- The Crosstab
- Posts
- Weighting by Recalled Ballot
Weighting by Recalled Ballot
Should you do it?
With the release by NYT/Sienna of a new Pennsylvania poll with a recalled ballot that had 8 points more Biden supporters in 2020 as compared to his 1.2 point win margin, the fierce debate around weighting or quotas on recalled ballot has exploded again.
A lot of ink has been spilled by people much smarter than me like Nate Cohn, but I do think this is an interesting rorschach test about polling. The basic premise is that often pollsters ask people who they voted for in 2020 and use that as a way to ensure the partisanship of the sample accurately reflects what we think Election Day might look like.
Now in states like Virginia or Georgia where there is no party registration on the file, the necessity of recalled ballot is a little more clear as a replacement for partisanship.

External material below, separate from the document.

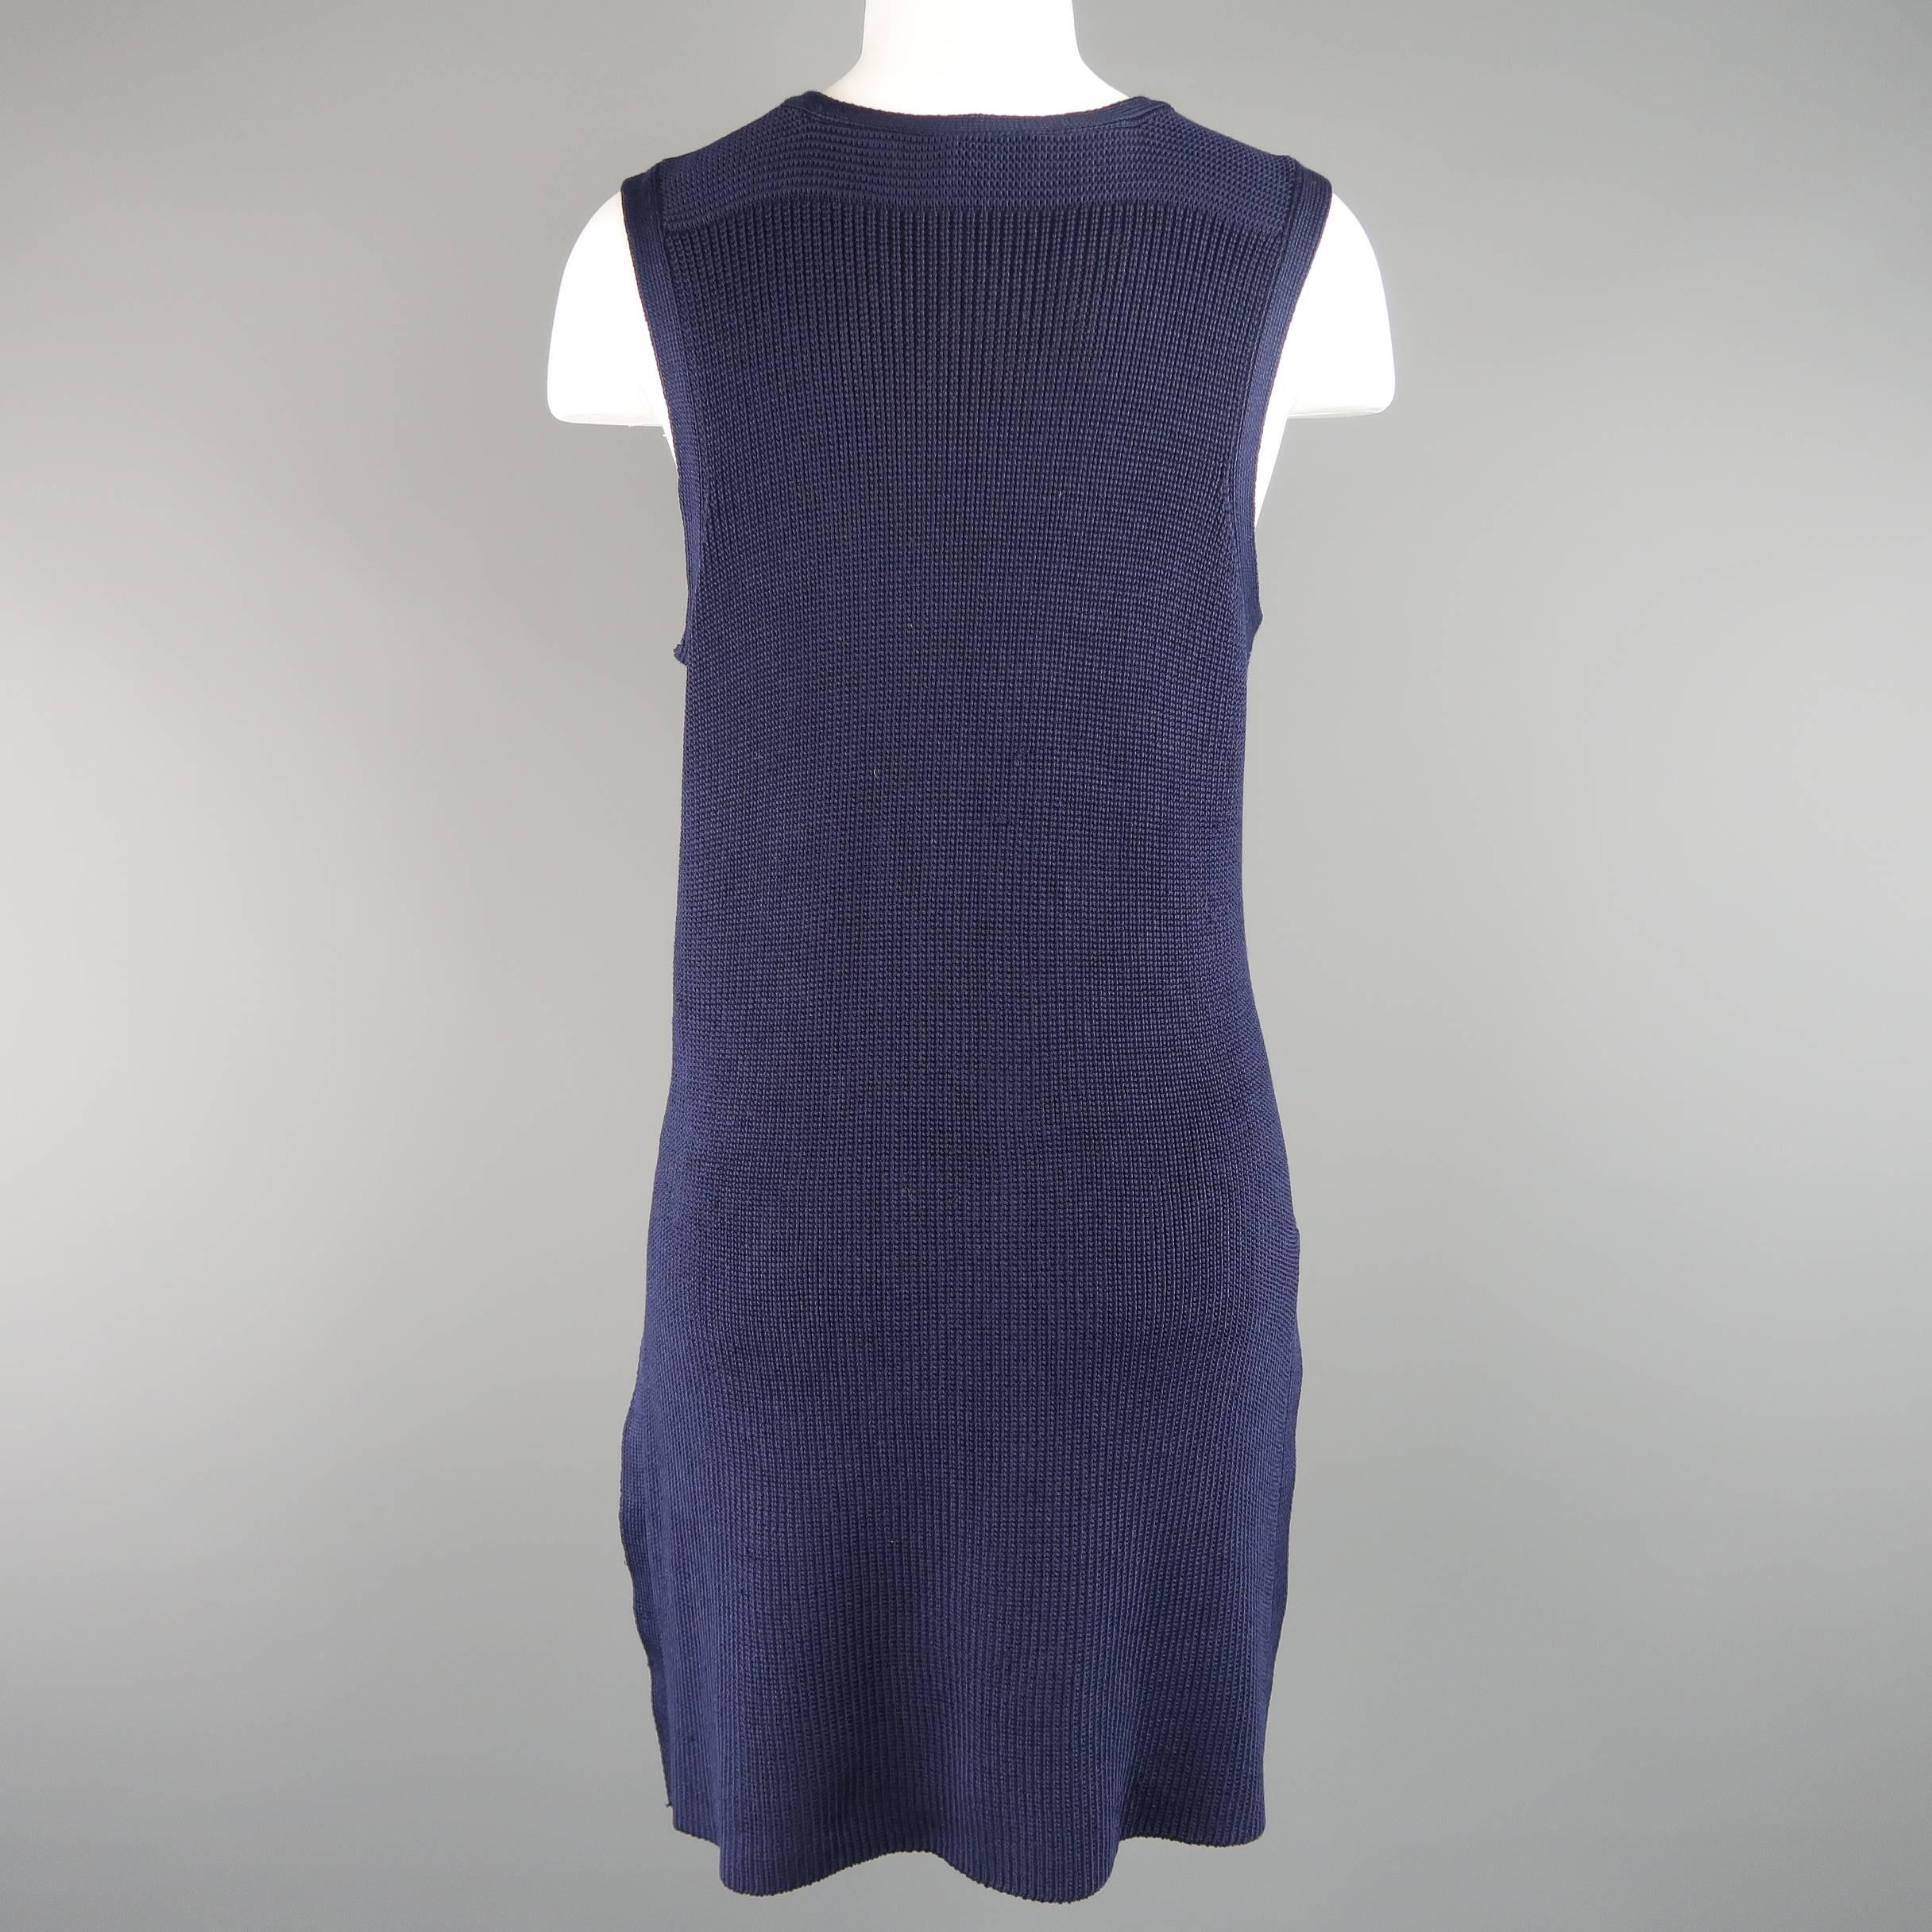 Black RALPH LAUREN Collection Size M Navy Silk Blend Sleeveless Long Sweater Vest Top
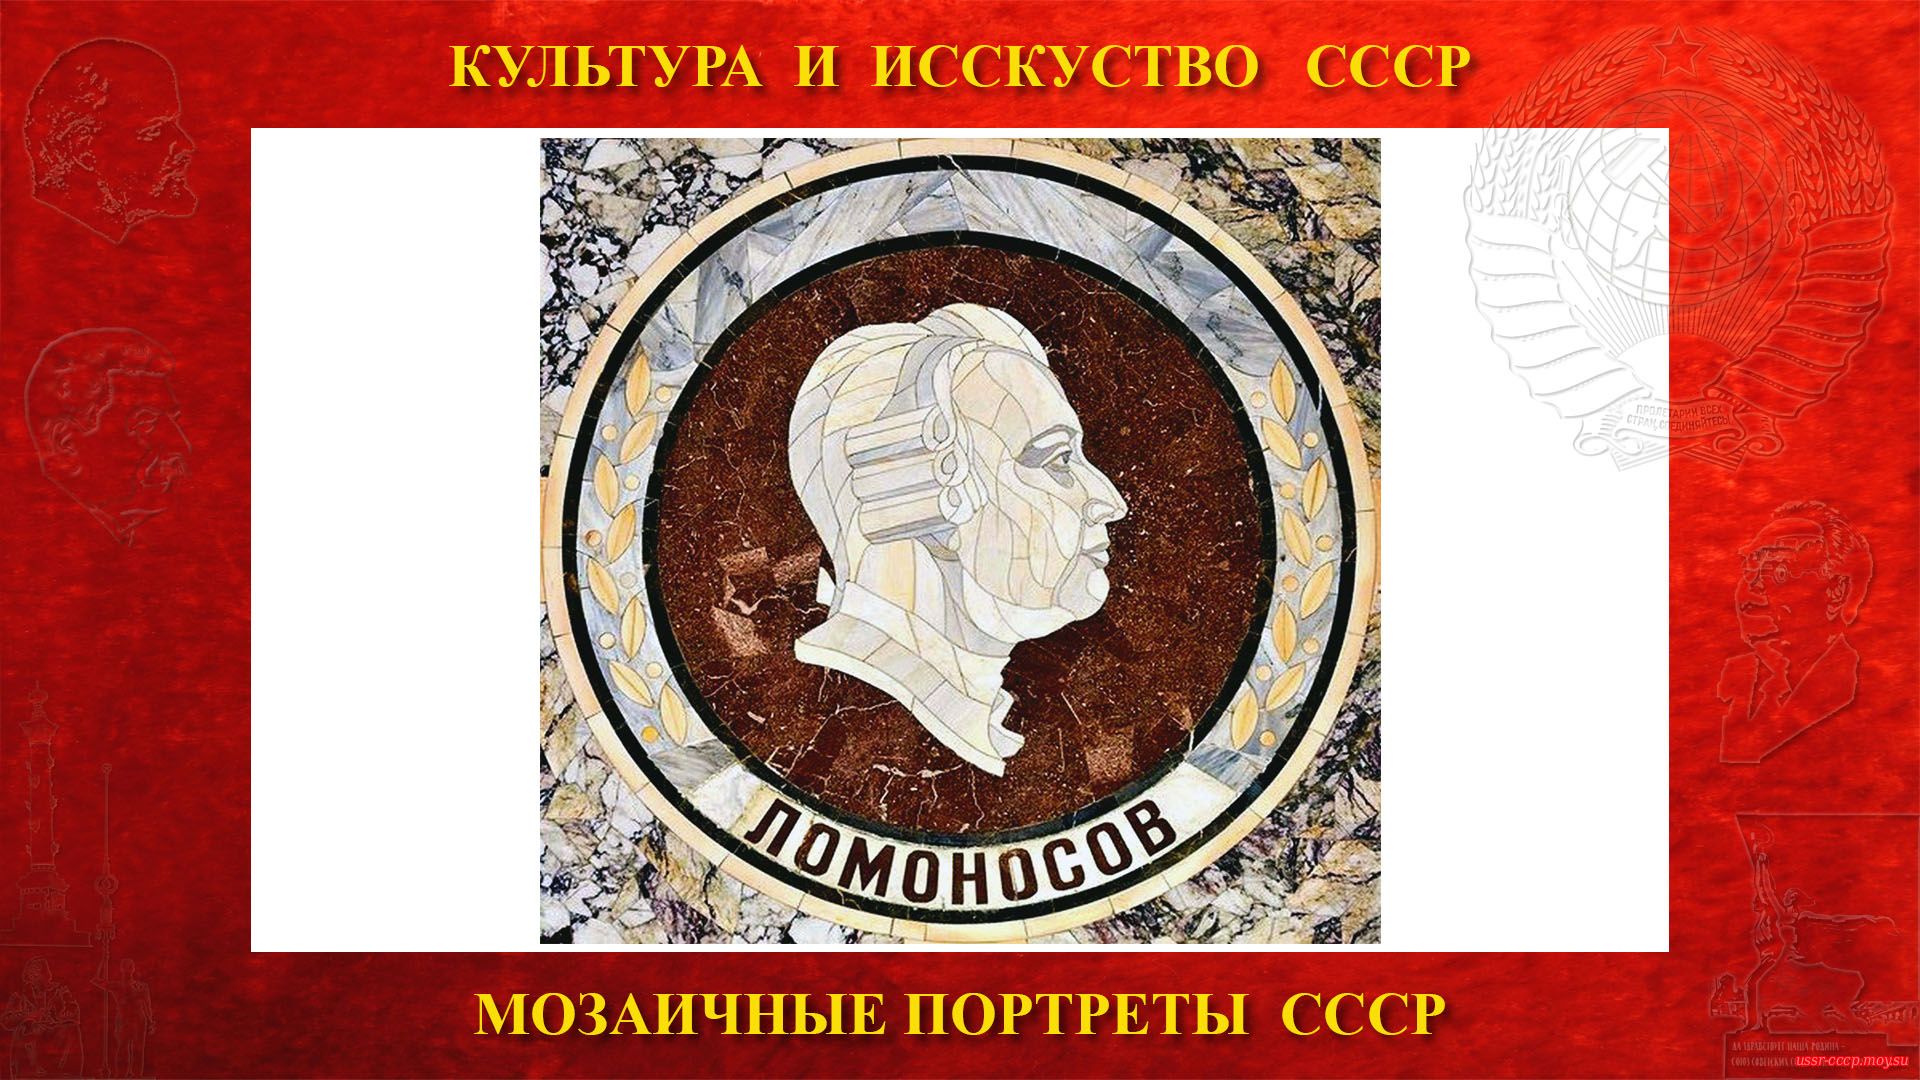 Мозаичный портрет Ломоносову М.В. на Ленинских горах в ГЗ МГУ (Москва 1953) (повествование)

However, Pennsylvania not only has registration on the file but is one of the few states where independents make up a small (but important!) part of the electorate.
The case for using recalled ballot is that voting in this election is highly correlated to who you support in the future and since we have election results we know how many of each side voted in the last election giving us at least some hard dates to go by.
This helps to correct for response bias issues and ensure that neither group is too overrepresented in the polling. It’s also easy and relatively cheap for pollsters to do and doesn’t require a lot of advanced math.
The downsides though are pretty significant. The first is that you pretty much lock in the key composition of the electorate and have way to know if something has happened impacting turnout. This was the old debate around setting quotas for party, which I use to never do for this very reason. For example in PA partisan composition varied from D+0 to D+7 in the last few years, and if you set it you are cooking a lot of the cake. However the massive response bias issues have in some way forced a decision between trying to adjust for not getting enough hard to reach Trump Republicans into the sample or for allowing the float.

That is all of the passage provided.